# First Time Grower. Need Help?



## FirsttimeMicrogrower (Aug 20, 2014)

Hello everyone, I am new to this forum. I am having some issues or i should say, I believe I am having some issues with my grow.  My setup is an indoor hydroponic grow.  I am using a 5 gallon reservoir with 1.5 gallon of water/ 
nutrients.  I am using the General Hydroponics Flora series.  But I am only using the Boom and Micro (Lucas formula).  

Currently I am growing in a five gallon space bucket. Bagseed weed.  I have 5 30watt CFLS on 18/6 schedule.  pH is 5.7 and ppm is 460.

The problem is how the leaves appear to be wilting.  Am I overwatering it in.  I took a lot of the solutions away from the reservoir.  

Any solutions to my problem.  Please help guys


----------



## The Hemp Goddess (Aug 20, 2014)

First of all, I don't believe that 1.5 gal of nute solution in a 5 gal bucket is enough.  I usually run about 3 gals in a 5 gal bucket.  If the plants are small, I run more.  I like the roots about 1/2 submerged.  

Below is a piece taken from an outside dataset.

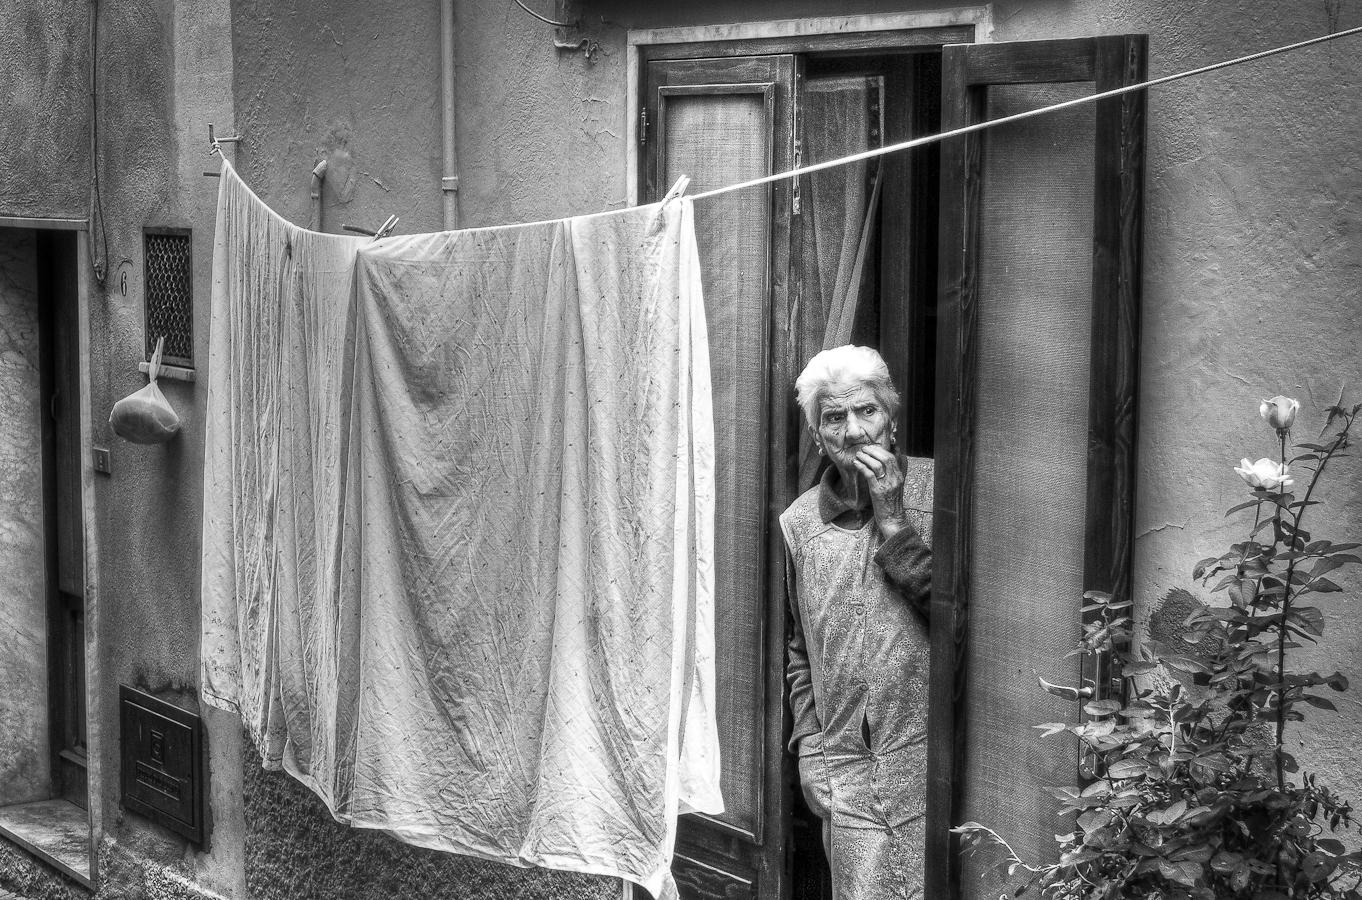 Carmelo Eramo (Italy) - Street Photographer - www.flavors.me/10dicembre

You cannot overwater DWC, but you can drown the roots if you do not have sufficient DO in your res.  Do you have plenty of bubbles?  How large an air pump and air stone(s) are you using?  What are your res temps?  What do the roots look like?  Are they white and healthy looking?  How old is the plant?

I would suggest running your lights 24/7.


----------



## FirsttimeMicrogrower (Aug 20, 2014)

Thank you for the info. I will add more solution then.  But I have a air stone (10in) in the res. And yes it does produce a lot of bubbles.  The air pump says its for a 20 gal tank.The temp is around 68 degrees.  I am on day ten.  Here is the album from sprout to just seconds ago http://imgur.com/a/YSAuX


----------